Personal information
- Born: March 15, 1976 (age 50) Morgantown, West Virginia, U.S.
- Listed height: 6 ft 2 in (1.88 m)
- Listed weight: 255 lb (116 kg)

Career information
- High school: Bethlehem (PA) Catholic
- College: Florida State
- NFL draft: 2000: undrafted

Awards and highlights
- BCS national champion (1999);

= Dan Kendra =

American football player (born 1976)

Dan Kendra III (born March 15, 1976) is an American former football player.

==Early life==
Kendra was born on March 15, 1976, in Morgantown, West Virginia.
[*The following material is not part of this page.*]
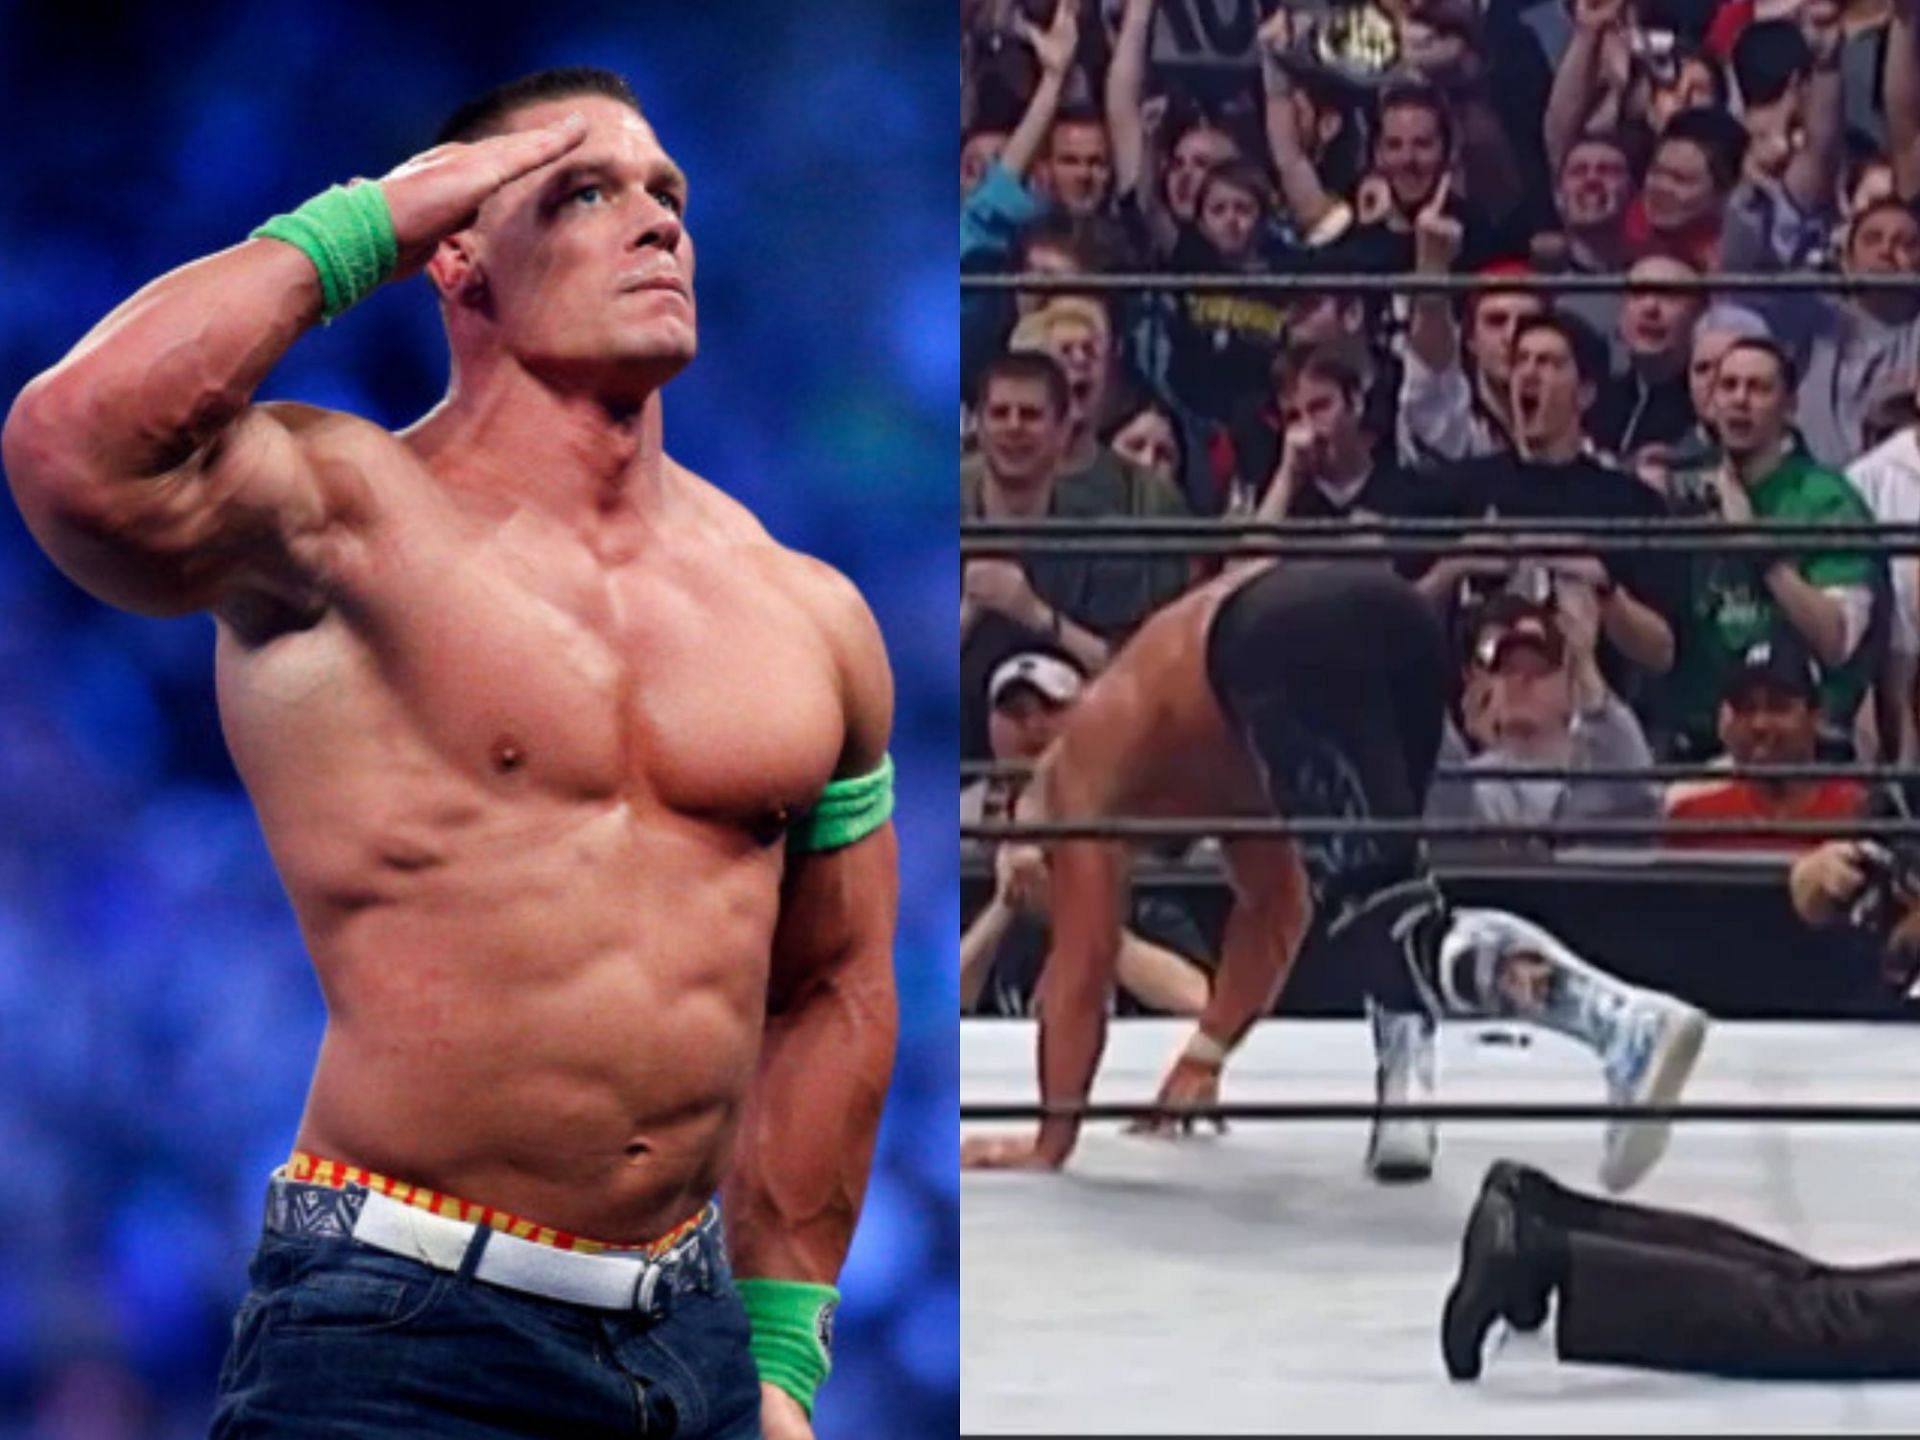 John Cena gave his take on why The Rock vs Hulk Hogan was such a special match

He played high school football at Bethlehem Catholic High School in the Eastern Pennsylvania Conference, where he was a highly touted Parade All-American and 1995 National Offensive Player of the Year.

==College football career==
In 1995, Kendra chose to play for coach Bobby Bowden (whom had also coached his father) at Florida State over Penn State.

After two years behind Thad Busby, Kendra was scheduled to take over for the Seminoles' starting quarterback for the Seminoles' 1998 season prior to tearing the PCL in his right knee during spring practice in April, which elevated Chris Weinke as the team's starting quarterback for the season.